Purpose : Conventional methods for studying the membrane electrophysiology of RPE cells, such as channels, transport mechanisms, or morphology are complex and invasive. The purpose of this study was to develop and validate a non-invasive method using electrochemical impedance spectroscopy (EIS) that enables the collection of unique, microelectrode-like data.

Methods : A mathematical model with a penalty function was developed. The penalty function relies on a user-defined ratio of transcellular to paracellular resistance (junction resistance ratio, JRR). We tested our model using JRRs between 0.1 and 10 on RPE EIS measurements between 1 Hz and 10 kHz in an Ussing chamber with continuous perfusion. Validation of our method was performed by using an invasive microelectrode method that measures the distinct resistance and capacitance values of each transport barrier. The response of RPE to the apical application of 100 µM adenosine triphosphate (ATP) was simultaneously recorded using our new method and the previously validated, microelectrode method.
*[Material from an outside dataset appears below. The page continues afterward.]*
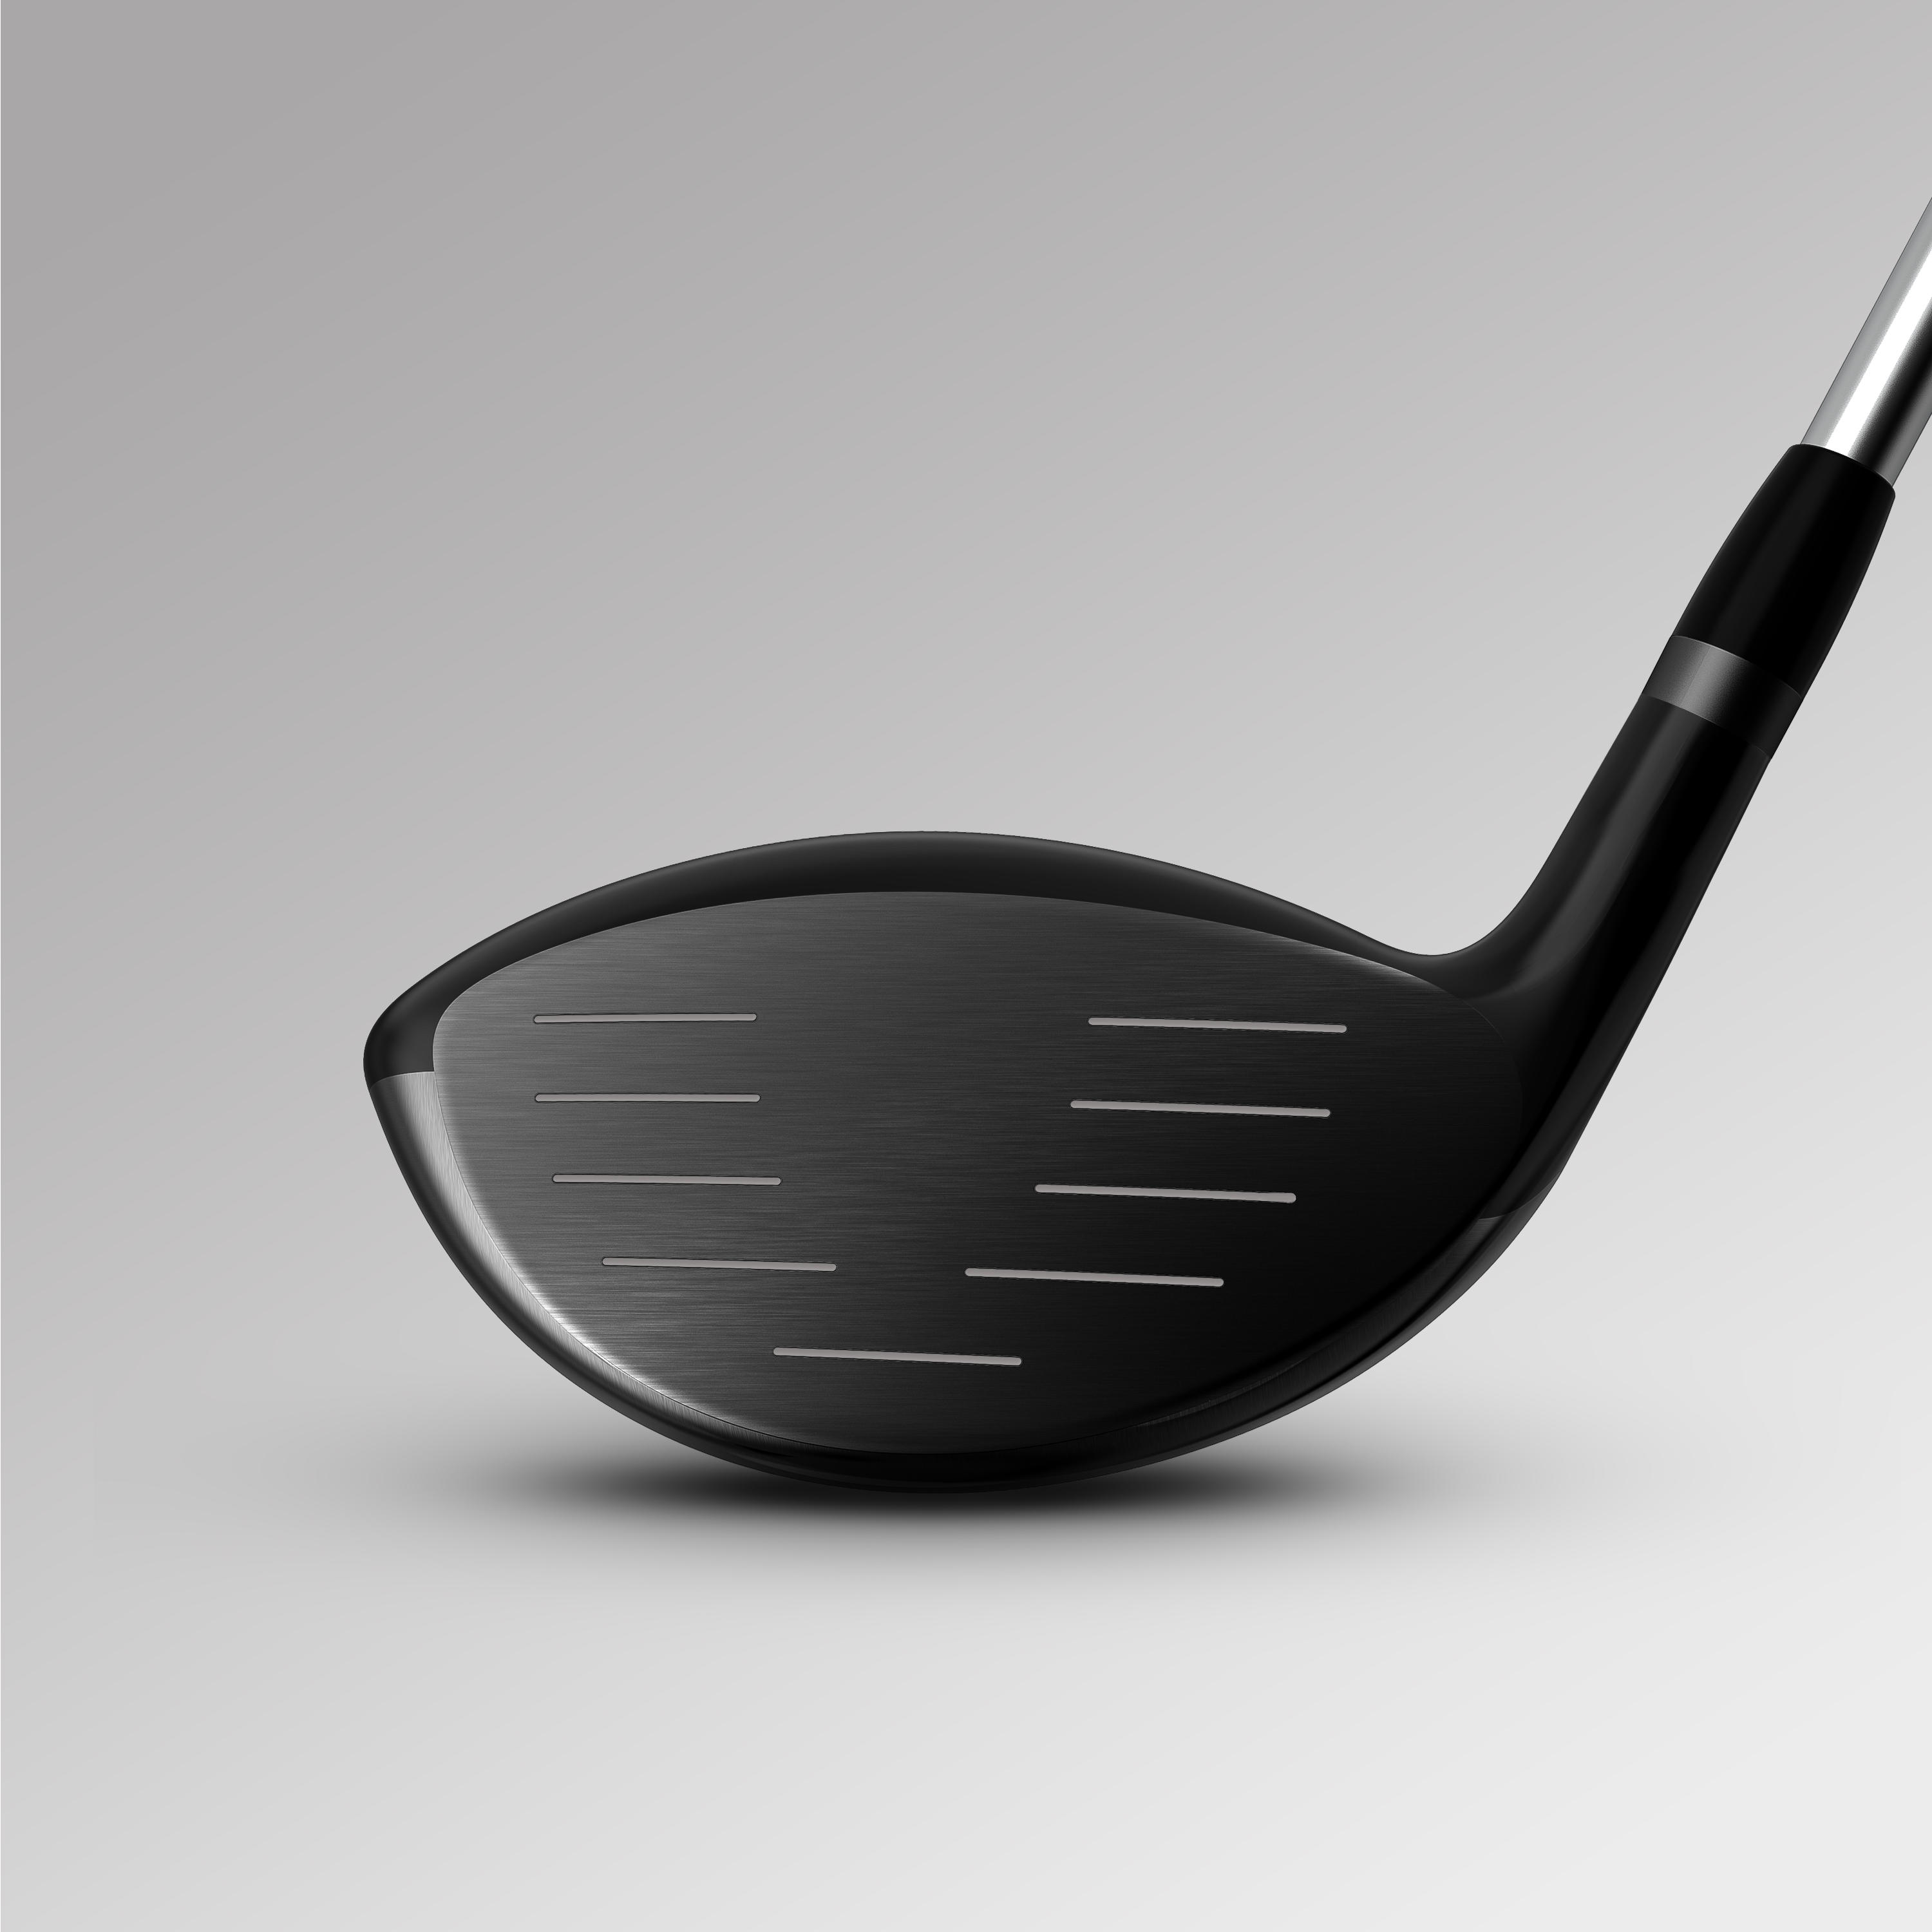 Golf driver right-handed size 2 high speed - INESIS 500 3/8

Results : The JRR for our RPE cells, based on the intracellular electrode data, was 5 (SD 1, n=7). During ATP stimulation, the intracellular electrode method shows a concomitant increase in apical resistance and decrease in basolateral resistance in our RPE. Our EIS-based method reveals similar TER and directional changes in each membrane response during apical ATP application. Variation of JRRs between 1 and 10 show similar responses, demonstrating robustness to JRR inaccuracy.

Conclusions : This method offers a higher-content, longitudinal, and non-invasive assessment of RPE physiology. Our JRR method can replace the need for the invasive microelectrode method. Our JRR method yields an excellent approximation of membrane-specific changes. This method will significantly enhance drug screening and RPE-cell QC, especially in studies targeting membrane-specific responses of epithelial cells, not just RPE.

This abstract was presented at the 2024 ARVO Annual Meeting, held in Seattle, WA, May 5-9, 2024.